Trolls may benefit from a dislike button. That’s all. Don’t. Push. The Like. Button.
14. dec 2014
How do I Like a post telling about a brute incident? That’s a question I ask myself now and then: do I ‘like’ the person who is posting, the action to bring the story to the public – or the brutality the story describes?
I may be confused over the community consensus, simply because of the dilemma. Wouldn’t a dislike button be nice, such as Zuckerberg says that facebook is considering to implement?
3
No. It. Won’t.
No. A Dislike button won’t be nice. Though it may be discomforting to Like a ’negative’ story on facebook, a Dislike button is just not the solution:
- It doesn’t solve the confusion, since a Dislike has exactly the same conflict: is the Dislike pointed to the content of the post, the person, or the bringing the story to life?
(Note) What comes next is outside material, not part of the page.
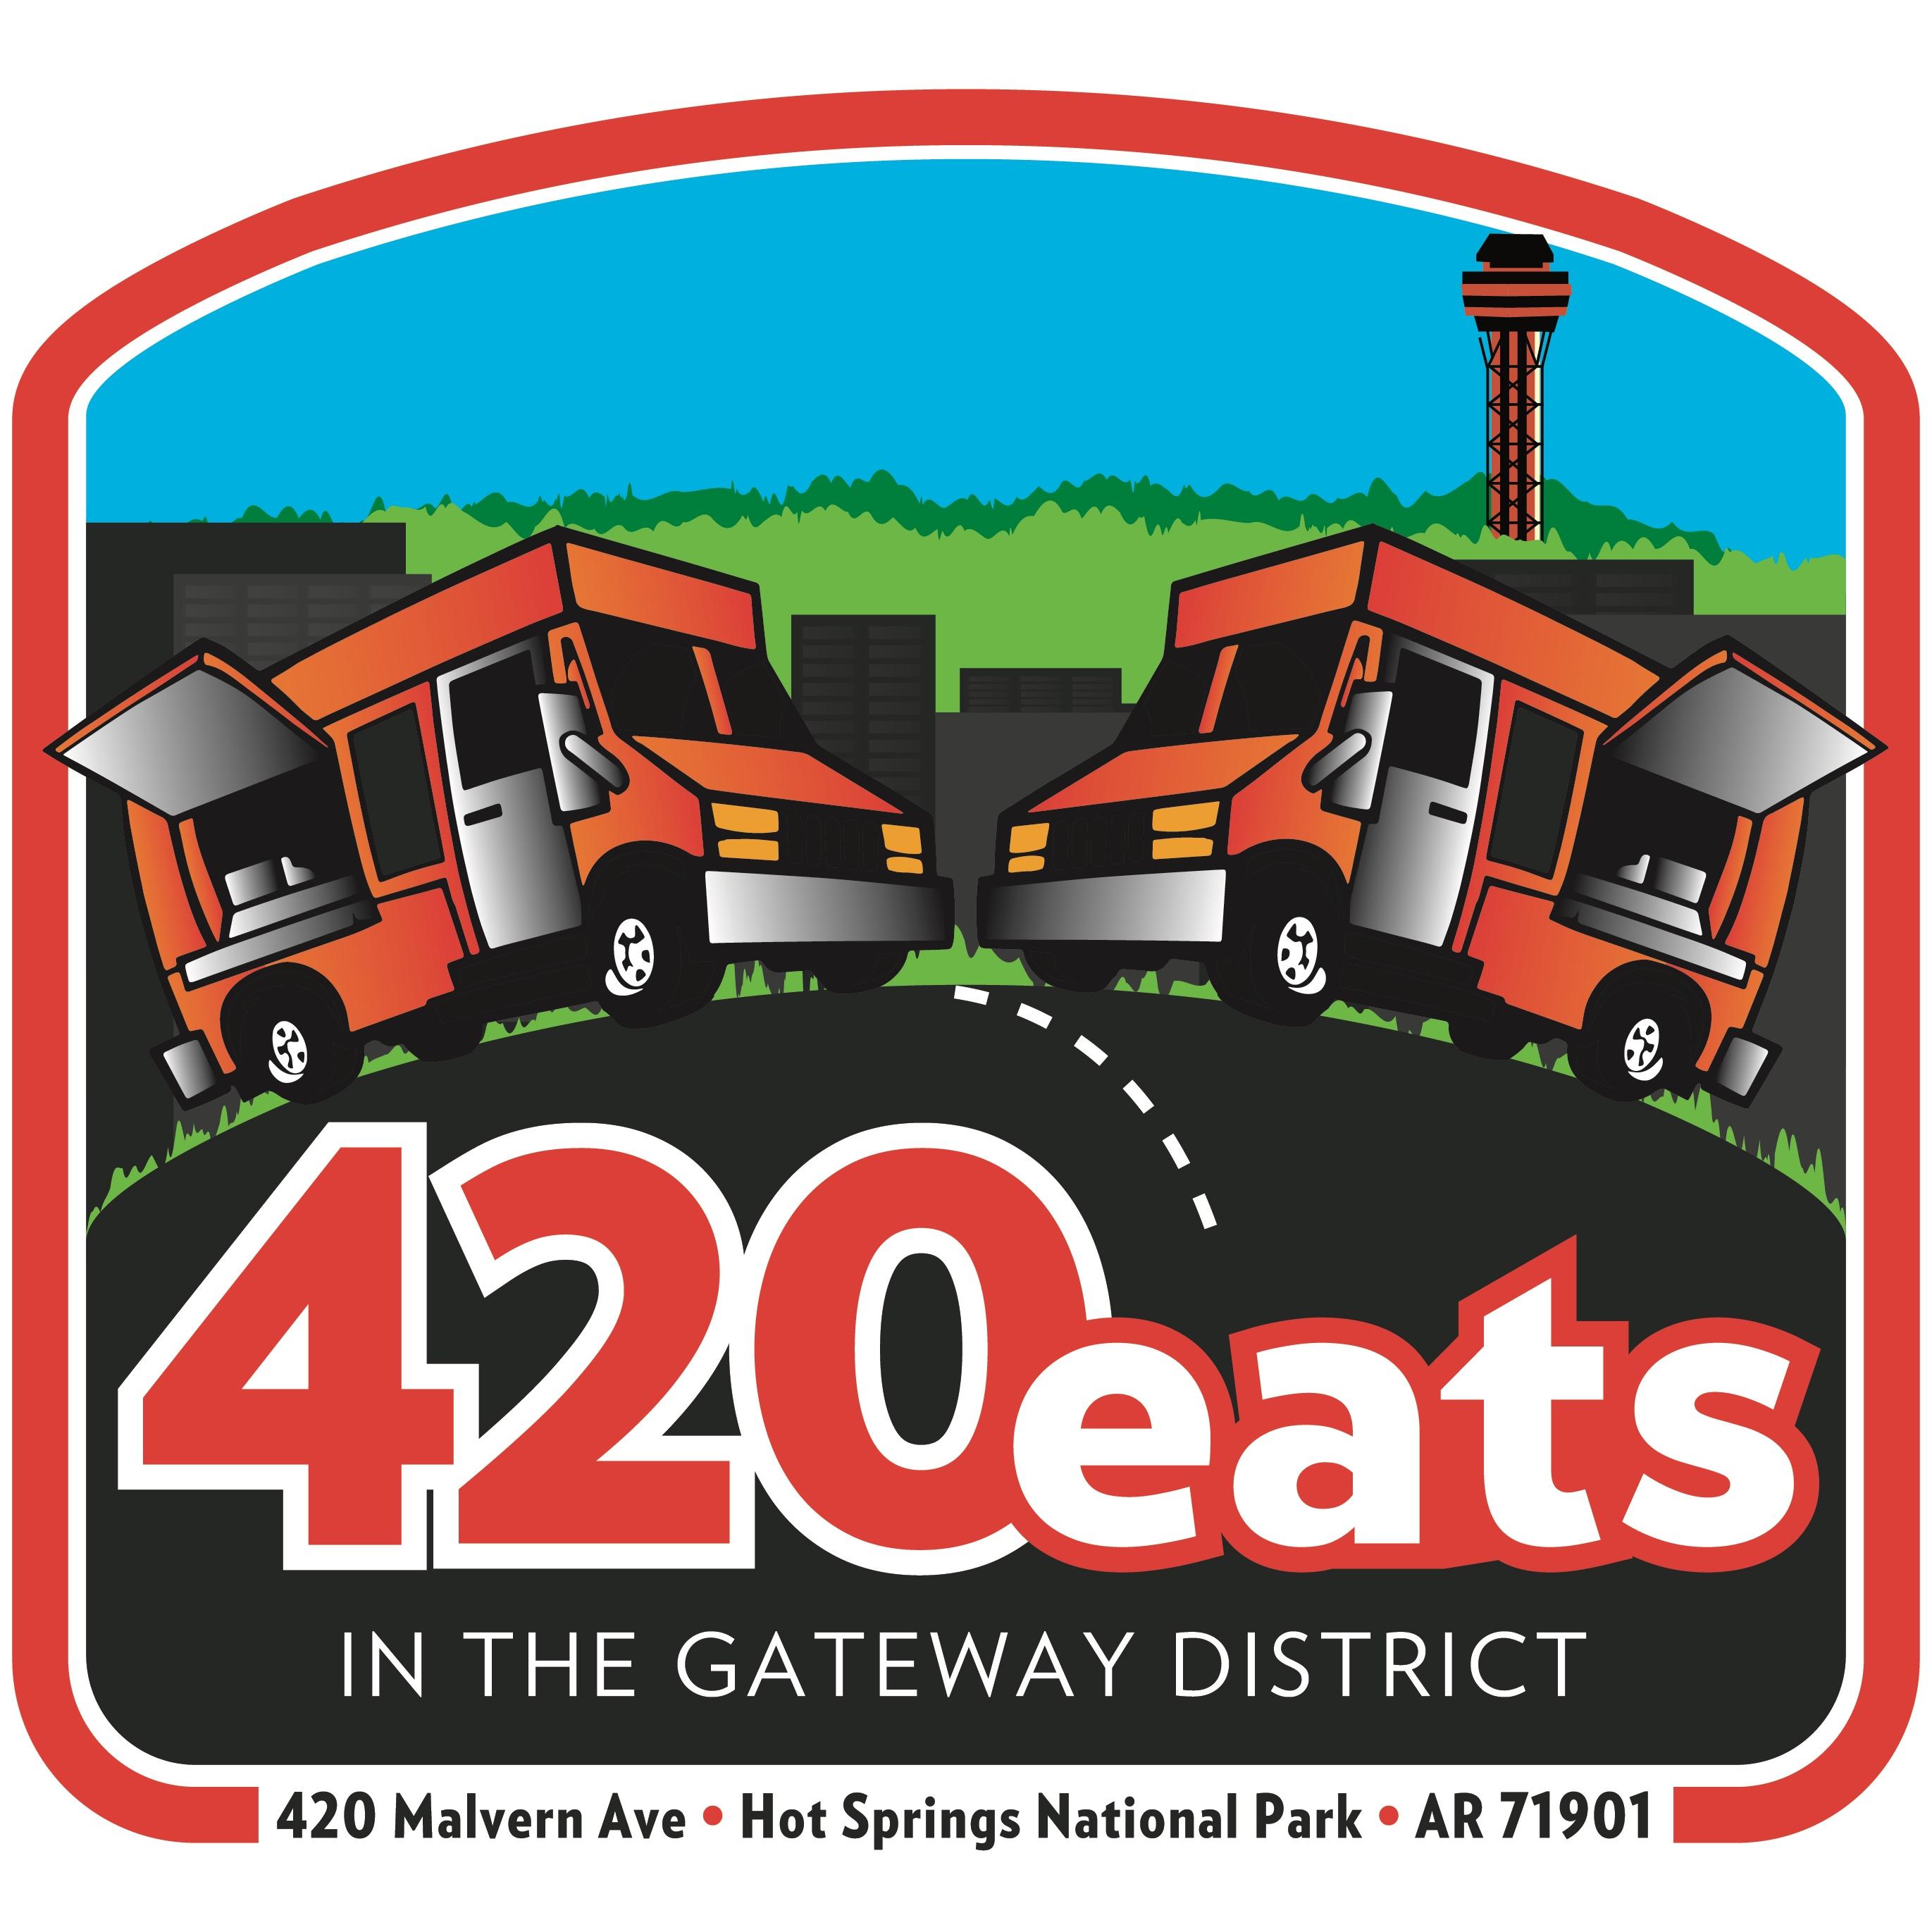 420eats Food Truck Court food truck profile image

It’ll still need a community consensus around the meaning.
- It’ll extend the pseudo democratic forum that’s already there, simulate actual polling, stimulate manipulation, populism, even fraud with the public opinion. It will go on in a privatized and possible speculative context, since it’s not a public owned platform. And even only for members. Only the ‘blogger’, facebook, and the media benefit from the aledged public roar. The fact that this kind occasionally brings righteous and meaningful protest (or support) doesn’t make up for the increasing noise.
- It may toughen personal critics or abuse. The Like that is not given is simply not as bad as a Dislike.